Антон Райзер - [119]
Столь счастливый поворот судьбы погрузил Райзера в забвение всех перенесенных превратностей, теперь он нимало не сожалел о предпринятом путешествии в неизвестность, так как переживал состояние, вряд ли доступное полному пониманию тех, кто ни разу в жизни не бывал всеми брошен, лишен телесных и духовных сил, не имел перед собою ни проблеска надежды.
Охваченный радостью, он поспешил в гостиницу, где собирался переночевать, спросил бумаги и начал одно за другим по памяти записывать свои стихотворения, чтобы назавтра показать их доктору Фрорипу, тем самым хотя бы отчасти проявив себя достойным его забот.
Он работал до глубокой ночи и исписал несколько тетрадей. На другой день рано утром, полный уже совсем других мыслей, чем вчера, он снова поднялся в Петерсберг, где был ласково встречен настоятелем Гюнтером, который с готовностью удовлетворил его просьбу и сразу же выписал ему свидетельство о принятии в университет, а также вручил экземпляр университетского статута, коего соблюдение Райзер должен был торжественно подтвердить рукопожатием.
Это свидетельство, именованное «Universitas perantiqua», а также университетский статут вкупе с рукопожатием приобрели для Райзера ореол святости, и довольно долго он был уверен, что это поднимает его гораздо выше актерского ремесла.
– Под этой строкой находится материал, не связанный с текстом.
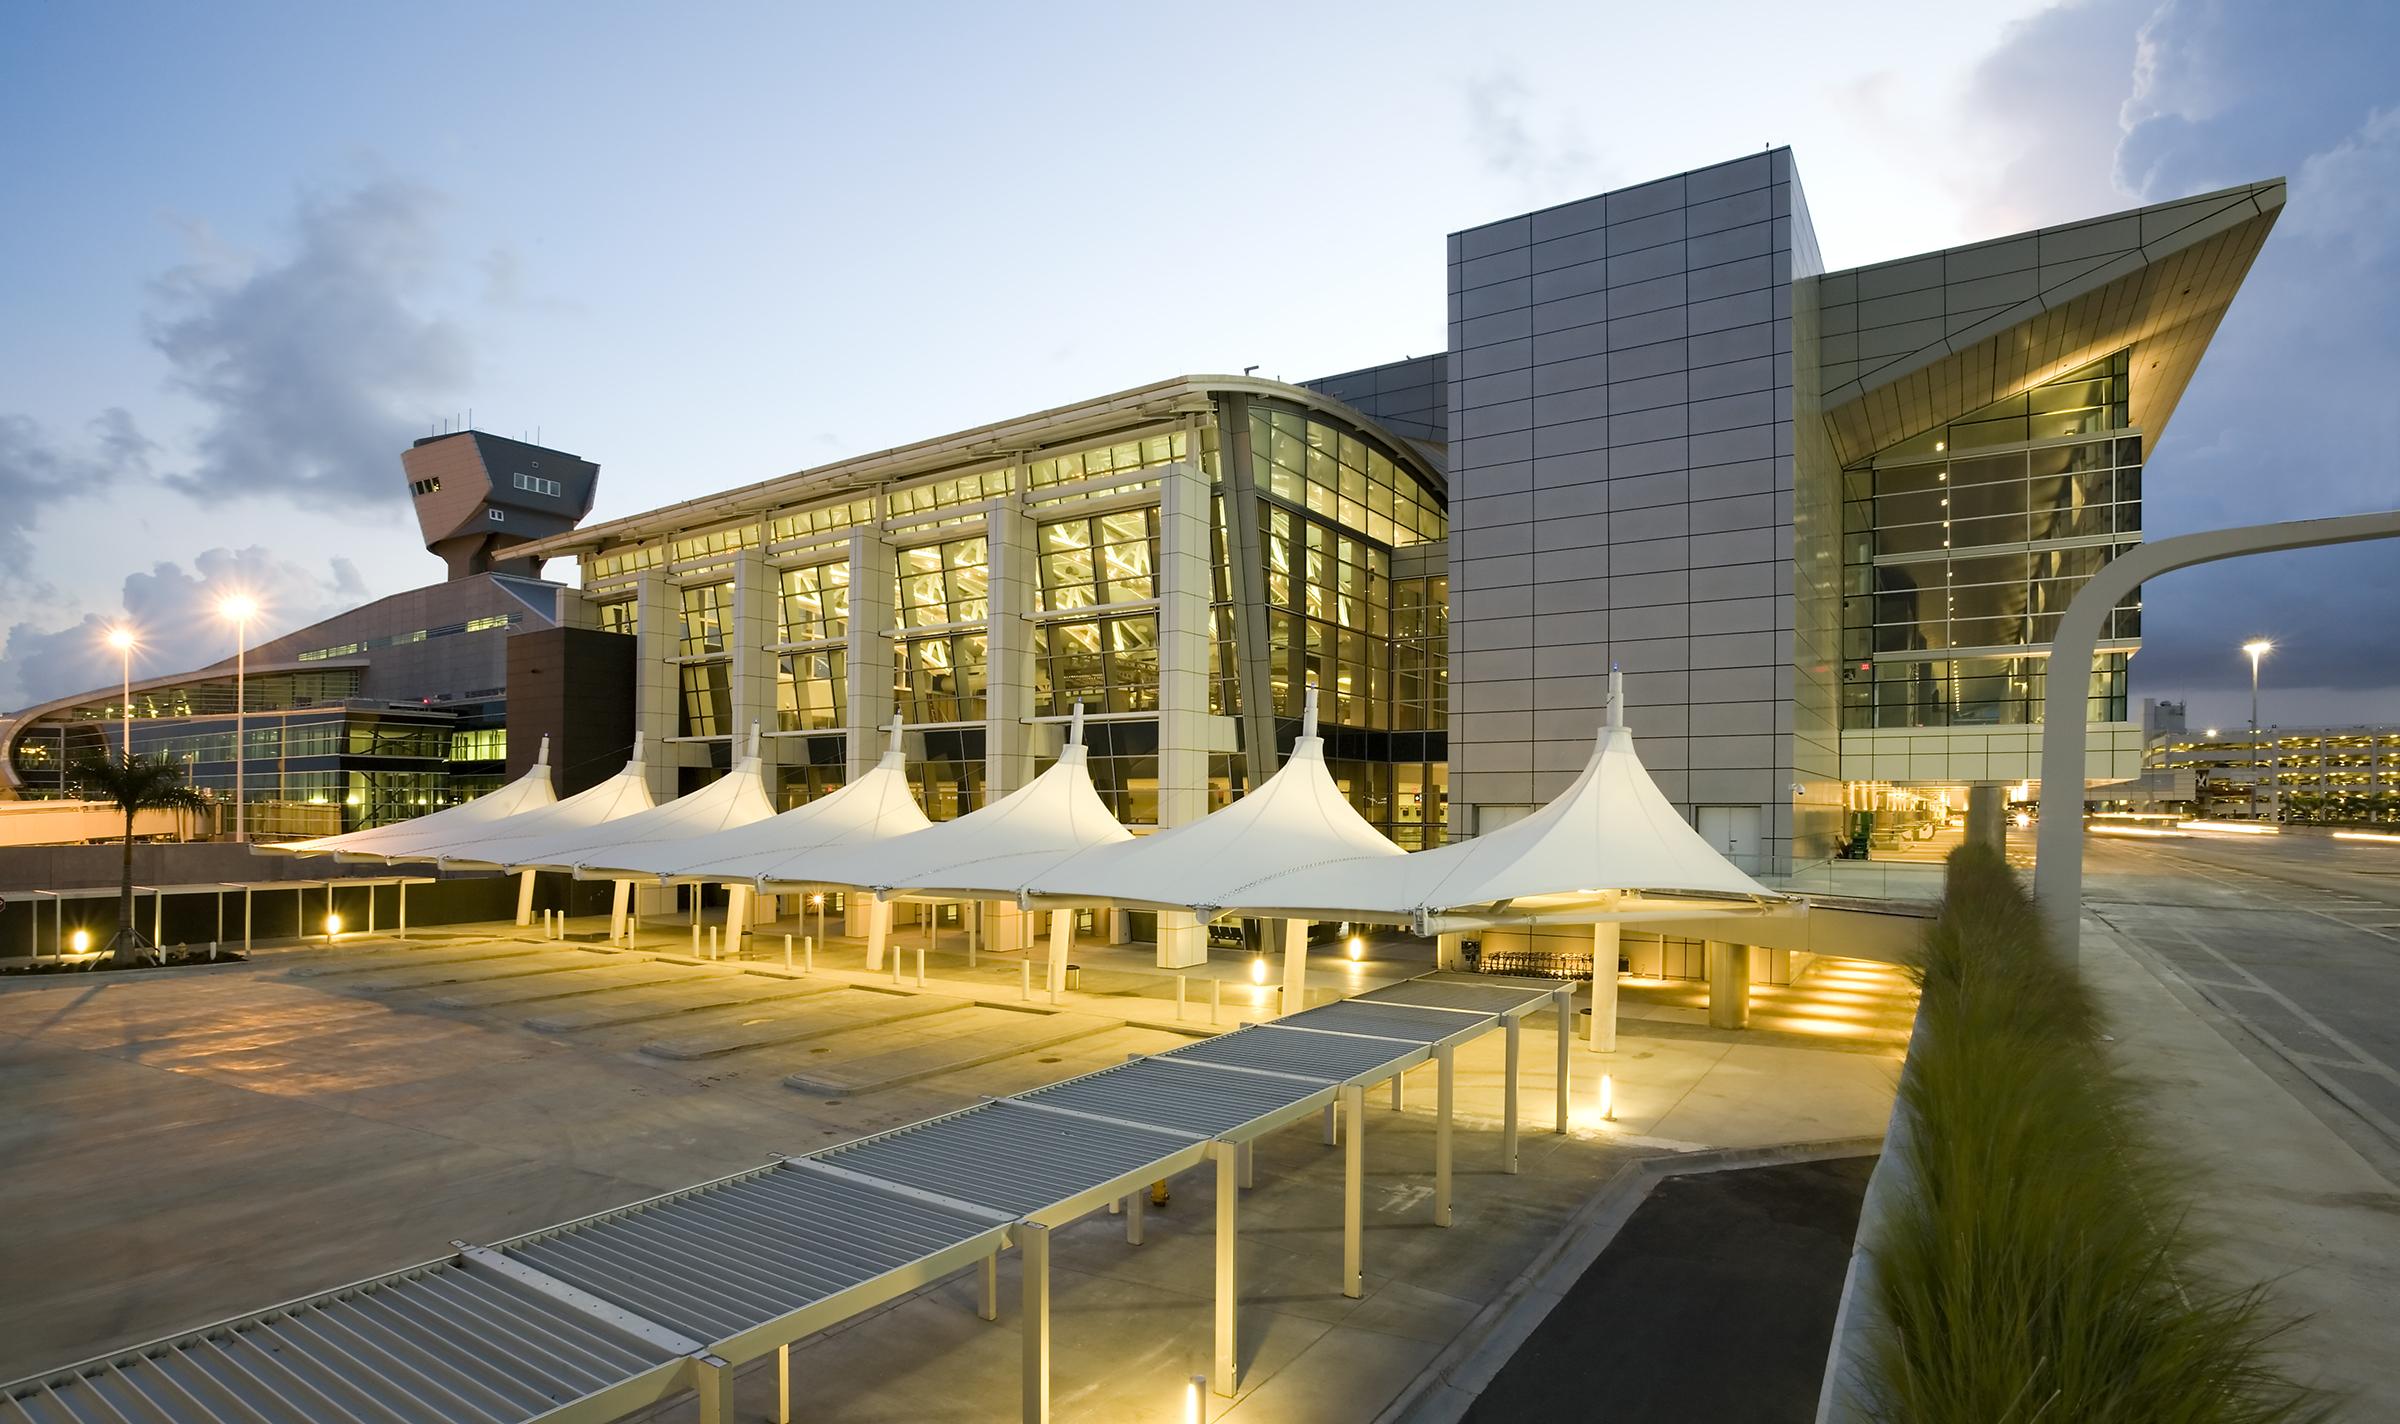 Memphis Airport Rental Car Center
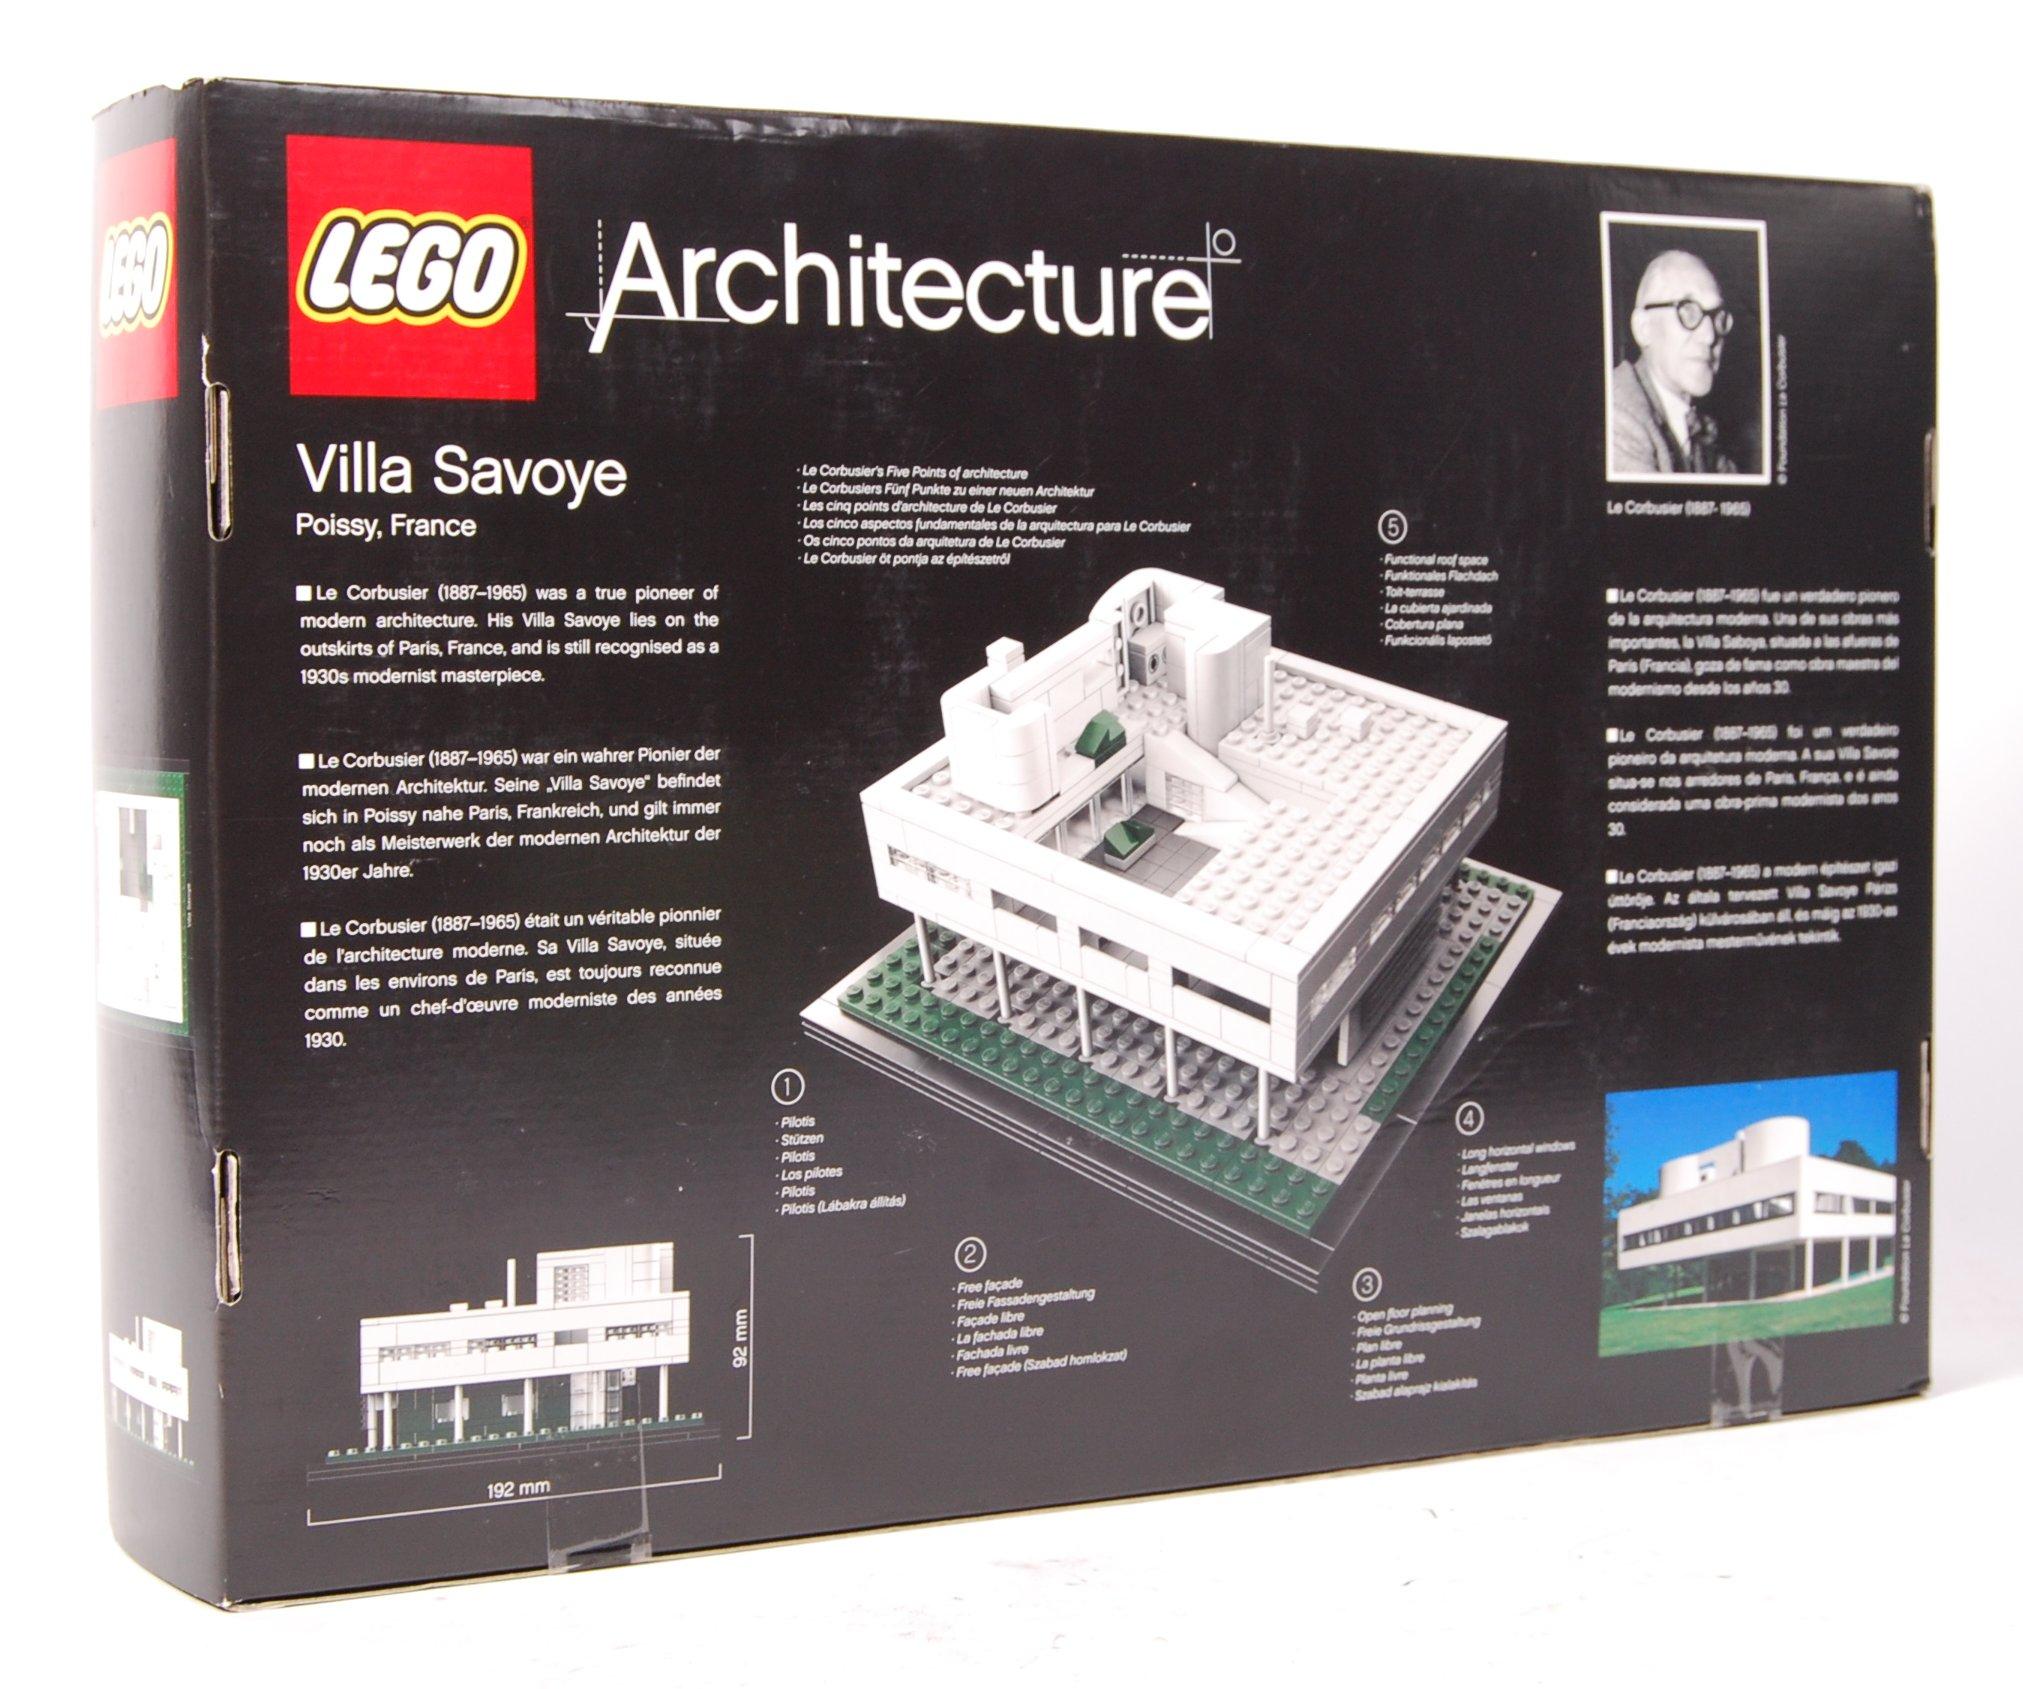 LEGO ARCHITECTURE SET NO. 21014 ' VILLA SAVOYE ' B - Image 2 of 2

Теперь он снова оказался включен в общественный порядок, стал своим в сословии людей, объединенных стремлением отличиться от всех прочих высокой образованностью. Свидетельство определило собою все его существование, и, выйдя из Петерсберга, он почувствовал себя равным с другими людьми.
Ближе к полудню он показал полученное свидетельство доктору Фрорипу, а заодно вручил ему и свои стихи, вызвавшие на сей раз гораздо большую похвалу, чем он ожидал. Одной из причин было то, что студенты в Эрфурте еще мало прилежали к изучению изящных искусств и доктор Фрорип обрадовался появлению ученика, который в этом отношении мог в известной мере служить примером для остальных.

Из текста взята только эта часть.